Customer Story

Learning the tools of a trade

Students at Chalmers University of Technology jump-start their careers in industry with coursework in data methods and Six Sigma

Chalmers University

Chalmers University of Technology

ChallengeGive students experience applying Six Sigma and other industrial data analysis techniques to real-world projects.
SolutionOffer a range of courses aimed at exposing students to the kinds of data challenges they will encounter in their future careers.
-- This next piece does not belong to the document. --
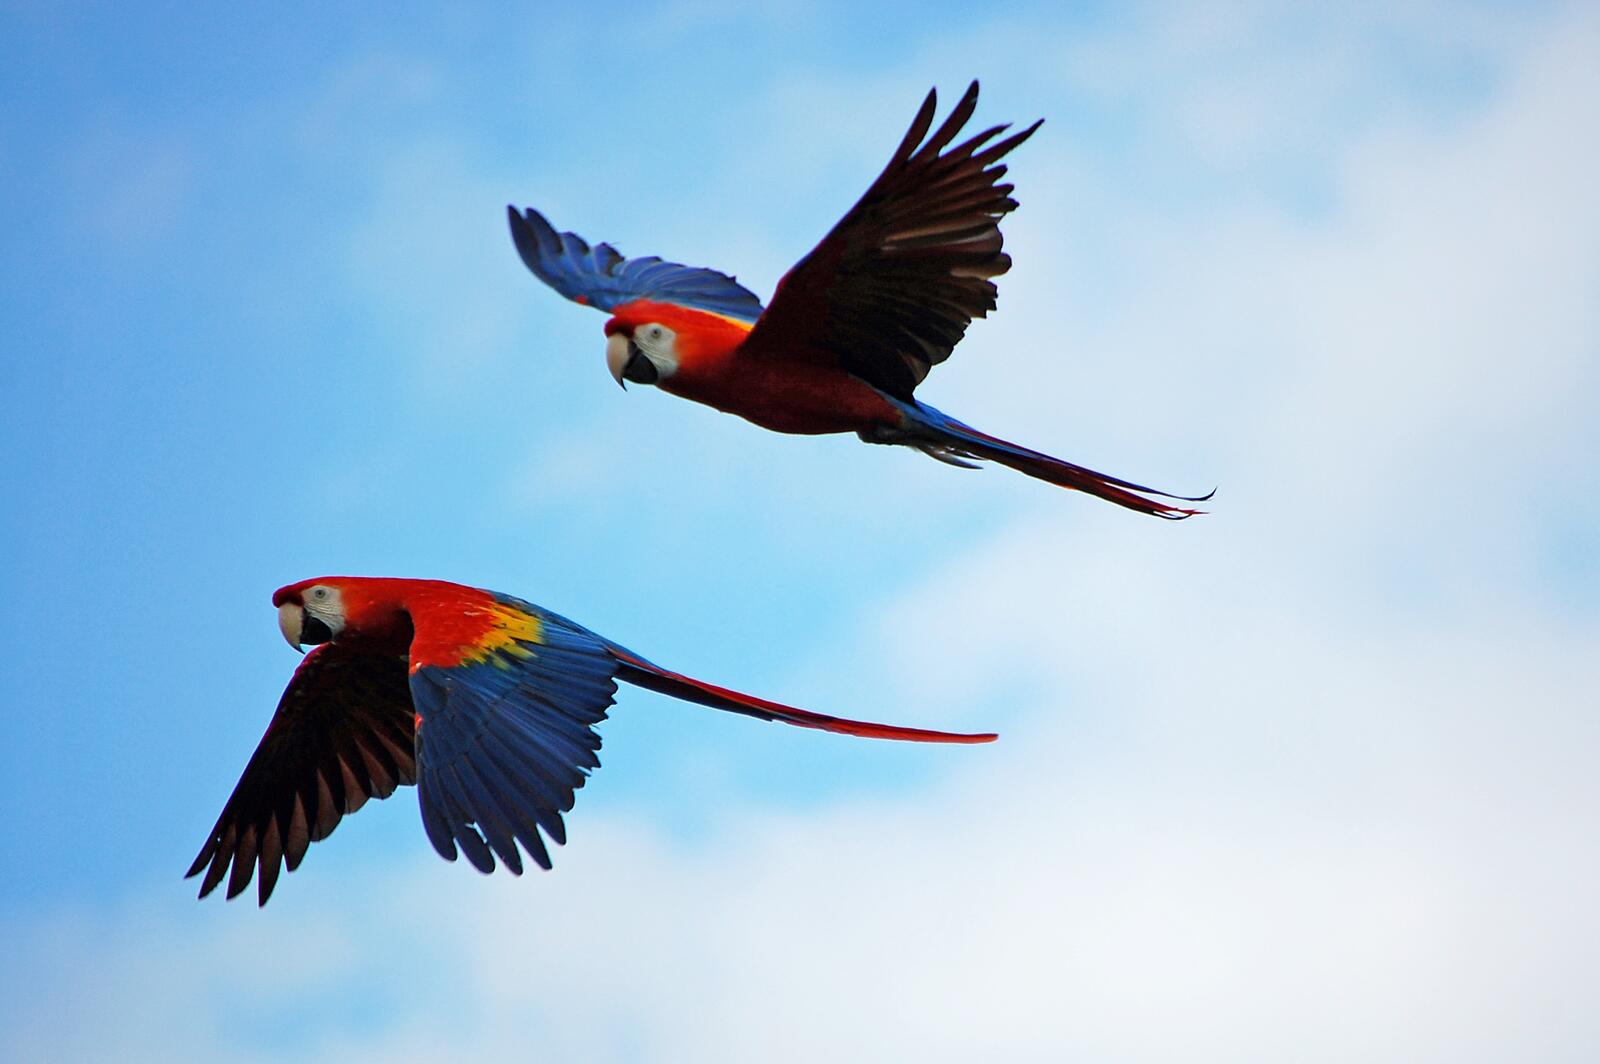 Бесплатное фото Два попугая ара на фоне неба

Empower students to explore and experiment with JMP® software, learning to apply statistical concepts to resolve real challenges and improvement opportunities.
ResultsStudents graduate from Chalmers University of Technology with practical data analysis skills – and experience with an industry-standard software – giving them an advantage as they enter the workforce.
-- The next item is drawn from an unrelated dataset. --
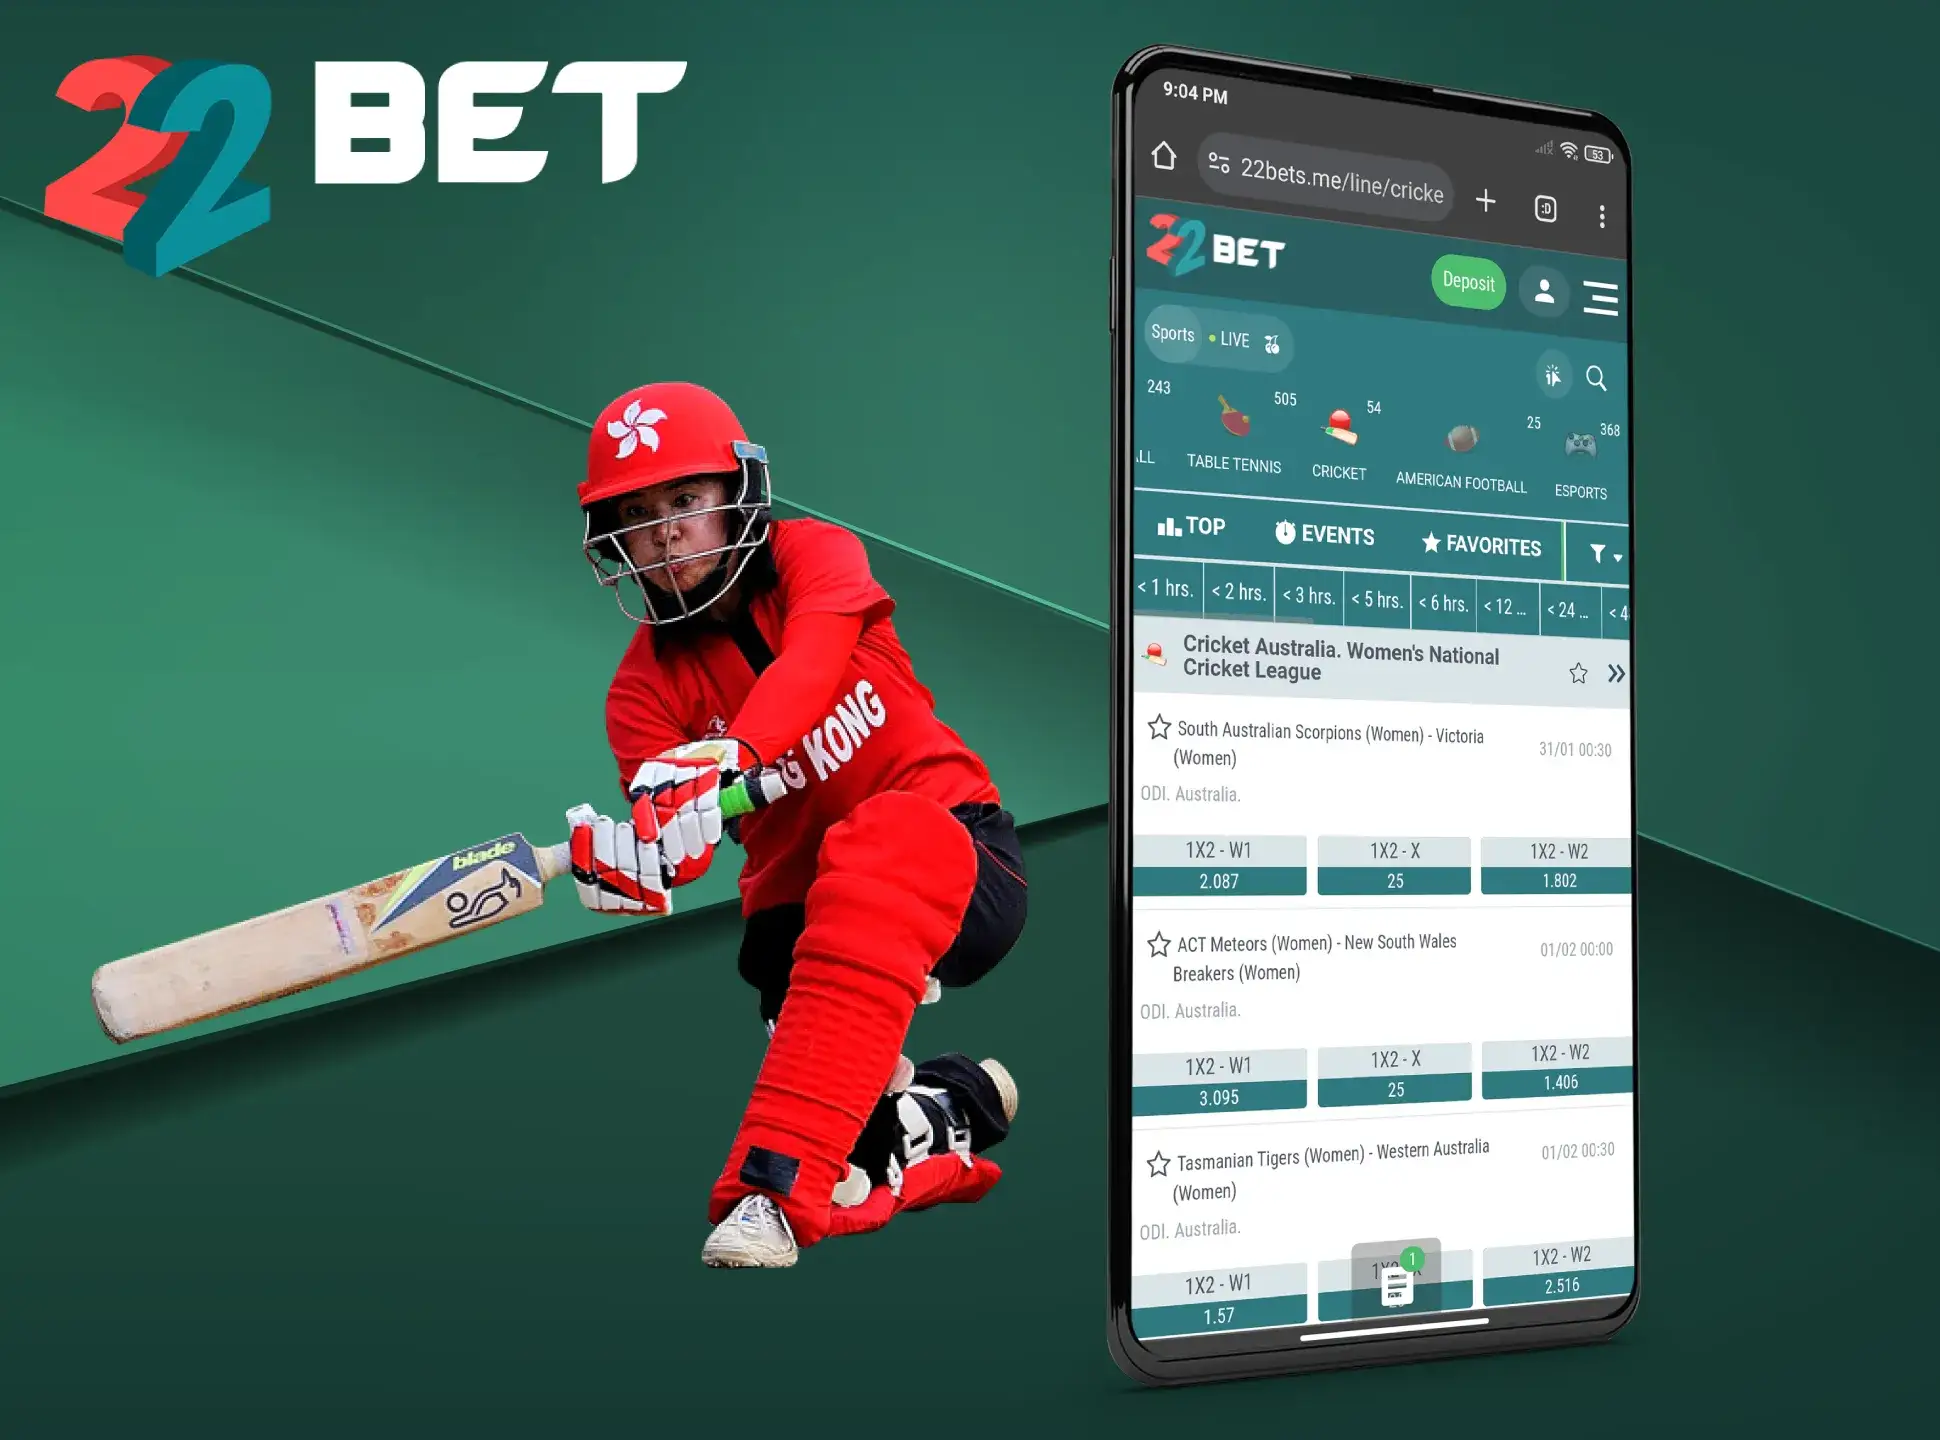 Cricket betting is popular among 22Bet bettors.

Success often means finding an extra edge, a key talent that adds value in the marketplace. For new college graduates heading to jobs in industry, that may mean refining a skillset like Six Sigma. And though most engineers only begin learning these skills after joining a company, one university is now offering students the chance to get a head start.

At Chalmers University of Technology in Gothenburg, Sweden, engineering and industrial economy students have the opportunity to study Six Sigma and other applied statistical methodologies before they graduate. Professor Peter Hammersberg teaches a variety of courses aiming to equip students with the skills to solve manufacturing problems with analytics. In his classroom, he gets students started early not only thinking about statistical problem-solving, but also using a tool they are likely to encounter on the job.

That tool is JMP® statistical discovery software from SAS. Hammersberg, a Senior Lecturer in Engineering Materials at the Chalmers Department of Industry and Materials Science, says the software, an industry standard, is an excellent exploratory tool that helps students develop a more robust understanding of statistical concepts and their applications. “The JMP tool is something that reinforces a holistic approach,” he says.

From the real world to the classroom

Prior to joining the faculty at Chalmers, Hammersberg himself held a variety of positions in industry, working most recently at SKF Bearings in industrial quality development. A Six Sigma Master Black Belt, he’s supervised more than 100 student-driven research theses in industry, developing material processes, in addition to conducting a dozen of his own research projects. In this, Hammersberg is something of a rarity in the university environment – someone equally at home in industry and in the classroom.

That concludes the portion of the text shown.